No important data releases until Wednesday
GBP/USD hovers above the weekly pivot point
On Monday, the GBP/USD currency pair behaved in accordance with expectations, having edged slightly lower, with the weekly PP limiting the intraday losses. Although the Cable should continue edging lower, the technical indicators suggest a positive outcome is possible, but with the 1.30 mark remaining unmatched. However, due to lack of potential market movers, the Sterling is also capable of trading relatively flat against the US Dollar today, with risks still skewed to the upside. Ultimately, the 1.3120 handle should be the overall ceiling and the 1.2750–the bottom, as these levels mark the borders of the broadening rising wedge pattern, where the Cable is currently traded in.
Daily chart
Hourly chart
Traders remain neutral
Traders retain a neutral outlook towards the Pound, with 51% of all open positions being short and the other 49% being long. At the same time, the number of purchase orders inched up from 54 to 56%.

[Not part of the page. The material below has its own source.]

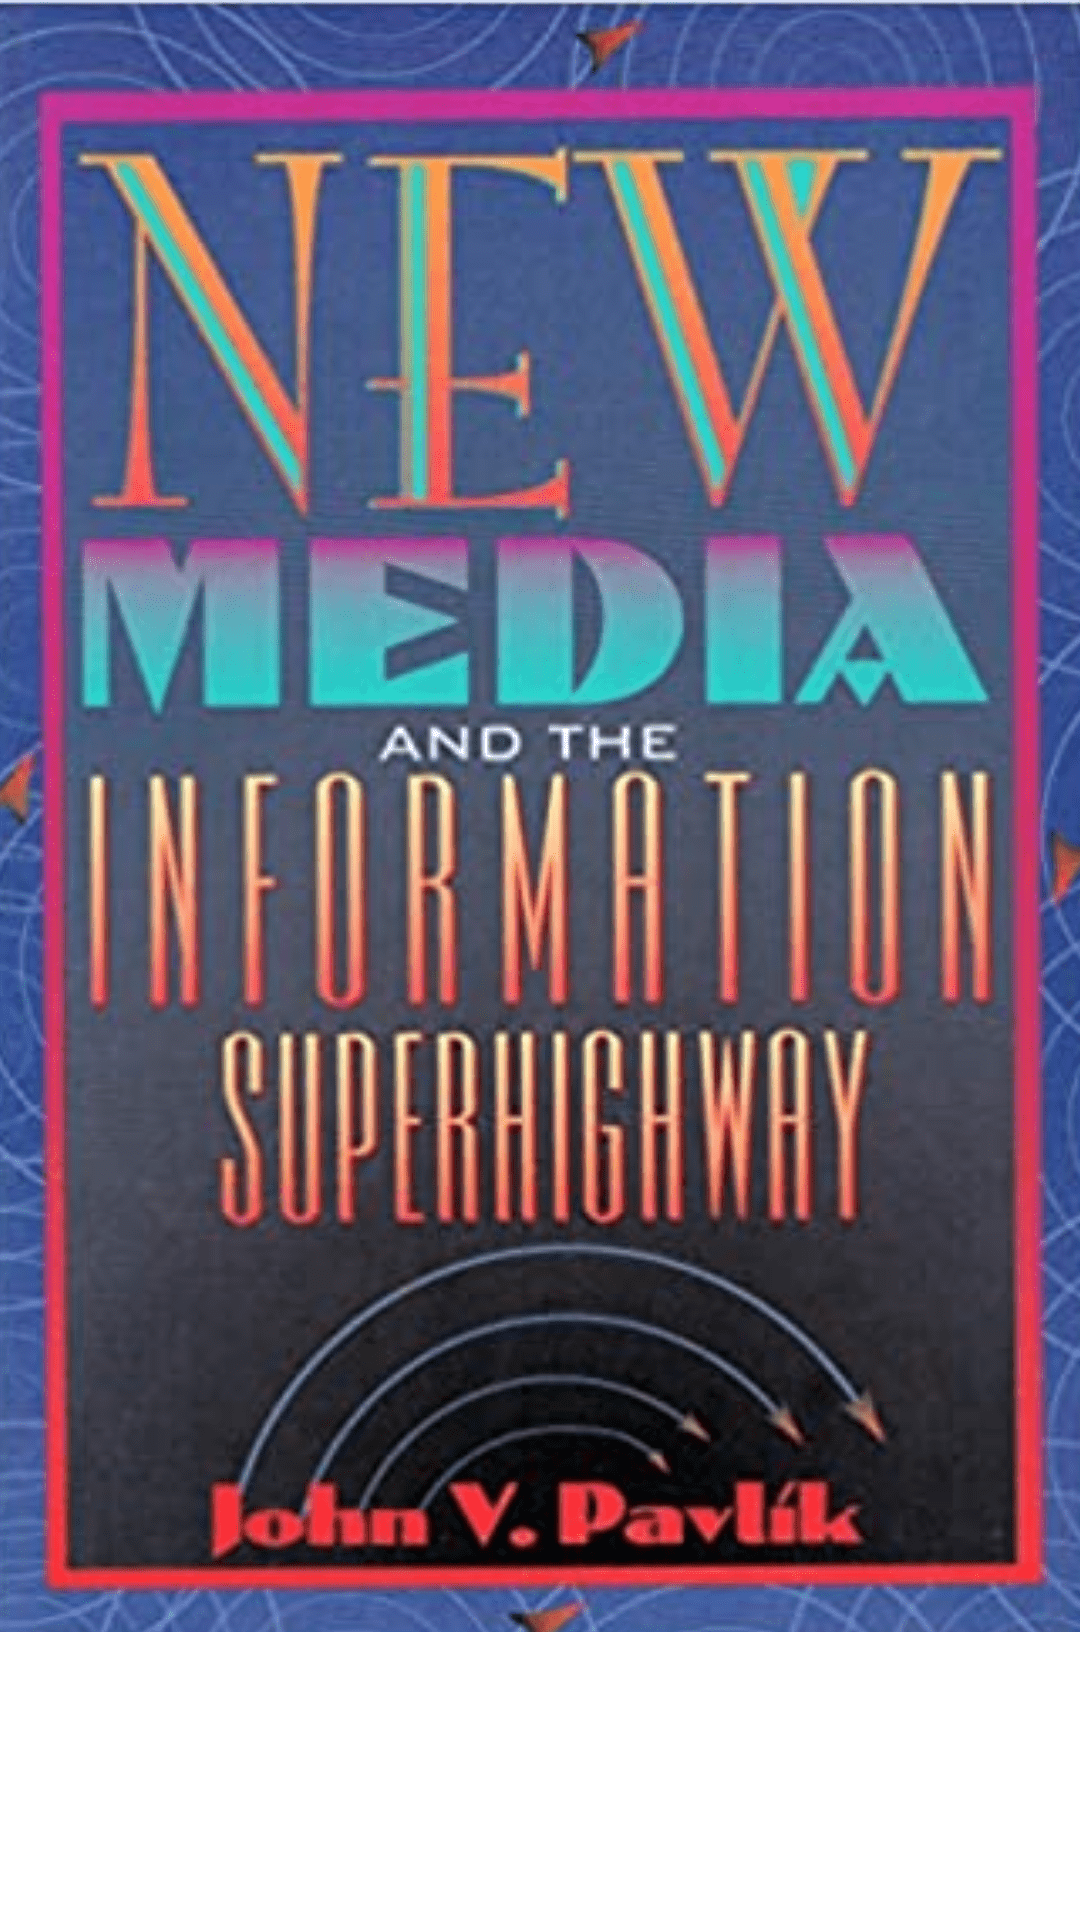 New Media and the Information Superhighway

A less optimistic situation is observed elsewhere. The sentiment at OANDA remains bearish, namely 63% of all open positions are short and the remaining 37% are long. Meanwhile, sentiment at Saxo Bank slightly improved, but still remains strongly bearish, with 60% of traders now being short and the other 40% - long on the Sterling against the US Dollar.
Spreads (avg, pip) / Trading volume / Volatility
Traders still indecisive
By the end of the next three months traders believe the Cable is to rise above the 1.30 major level, as 60% of survey participants believe so. While the current price is around 1.29, the average forecast for August 09 is 1.3035. The 1.30-1.32 and the 1.32-1.34 ranges are now the most popular price intervals, both having 16% of the votes, while second comes the 1.34-1.36 interval with 13% of the voters, and the third place is tied by 1.28-1.30 and 1.36-1.38, with 11% of poll participants choosing either option.